Cullai Frank fra le mie braccia, come ormai avevo fatto mille volte, quando era triste, ma anche quando sul suo volto si apriva un bellissimo sorriso.
Era l’inizio di febbraio, e un vento gelido si insinuava senza pietà fra le fronde degli alberi del parco, che gemevano di dolore. Il terreno era un’unica enorme pozzanghera di fango. L’erba non sarebbe riuscita a nascere prima di un mese, e la neve appena sciolta impregnava il terreno di acqua, trasformando il parco in una palude.
Non sarei stato in grado di contare tutte le volte che io e Frank ci eravamo seduti su quella panchina, l’uno accanto all’altro, a parlare o semplicemente ad ascoltare il dolce suono e il giovane profumo della natura.
In primavera il canto degli uccellini era chiaro e limpido, mentre l’erba verde, appena nata, e gli alberi in fiore, donavano una splendida nota di colore. Il fresco profumo della rugiada si sollevava da terra, fino ad arrivare alle narici. In estate il caldo rendeva il terreno una steppa, dalla quale si sollevavano nuvolette di polvere. Gli alberi erano pronti per donare i loro frutti, e il profumo delle mele si spandeva ovunque. L’autunno era la stagione che preferivo in assoluto. Le foglie secche cadevano lentamente dagli alberi, creando un tappeto soffice, che scricchiolava ad ogni passo. I colori dominanti erano il rosso, il giallo, e l’arancione. Erano tonalità così accoglienti e ospitali che mi sarei potuto distendere per terra, fra le foglie, e dormire. L’aroma della pioggia era ciò che riuscivo di più ad apprezzare di quella stagione. Era impossibile descrivere quell’odore così particolare e affascinante, ma ogni volta che pensanti gocce di pioggia cominciavano a cadere dalle nuvole, correvo alla finestra per riempirmi le narici di quel fantastico profumo.
In quel momento avrei pagato per poter far tornare un po’ d’autunno, invece di quel febbraio glaciale.
Da ormai un mese ero tornato dal mio soggiorno natalizio a Londra, da Ed e Bianca. E nonostante il tempo che passava, non avevo ancora preso una decisione. Avevo salutato Bianca con la promessa che qualunque fosse stata la mia scelta, un giorno ci saremmo rivisti, e avevo intenzione di mantenere fede alla mia promessa. Ma non era ancora il momento.
Quando ero tornato in quella sperduta cittadina del New Jersey, Frank era lì ad attendermi, e io non ero riuscito a trattenermi dal baciarlo.
Li stavo tradendo entrambi, me ne rendevo assolutamente conto. Stavo violando la loro fiducia e i loro sentimenti. Rischiavo di soccombere a quel detto che recita ‘chi troppo vuole, nulla stringe.’ E io avrei davvero voluto averli tutti e due, ma era impossibile. Inoltre, se non avessi preso in fretta una decisione, avevo paura che avrei potuto perderli entrambi.

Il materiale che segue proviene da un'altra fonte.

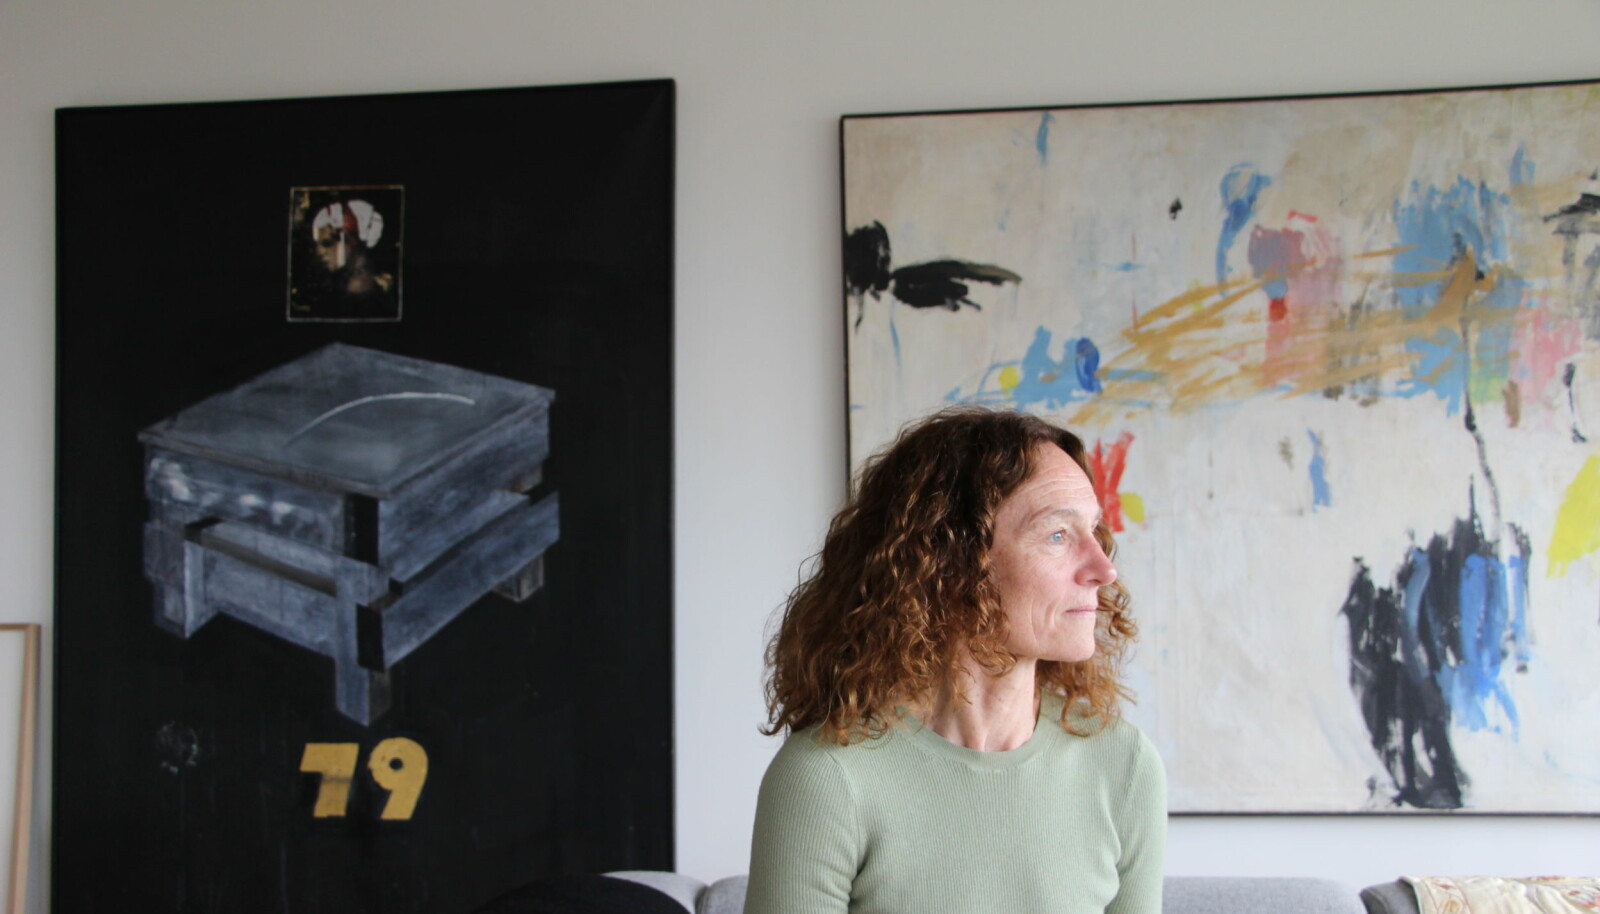 Som leder for FHI følger Camilla Stoltenberg alltid alle smitteverntiltakene, selv når de til tider kan virke absurde. Hun mener det er viktig at de som leder responsen, alltid er villige til å følge de reglene de pålegger andre.

Avevo cercato di riprendere la mia vita in mano. La mattina mi alzavo per andare da Raphael e lavorare al suo banco dei fiori. Nel tardo pomeriggio tornavo a casa e dopo una doccia veloce andavo a trovare Frank. La maggior parte delle volte Victoria insisteva affinché io rimassi a cena, ed era difficile rifiutare: quella donna sapeva essere tanto insistente quanto convincente.
Non sarei stato in grado di definire esattamente come stavano andando le cose fra me e Frank, solo di una cosa ero certo: la nostra relazione stava diventando un’abitudine. E non era assolutamente qualcosa di buono. Le relazioni che cadono in una consuetudine non sono destinate a durare tanto.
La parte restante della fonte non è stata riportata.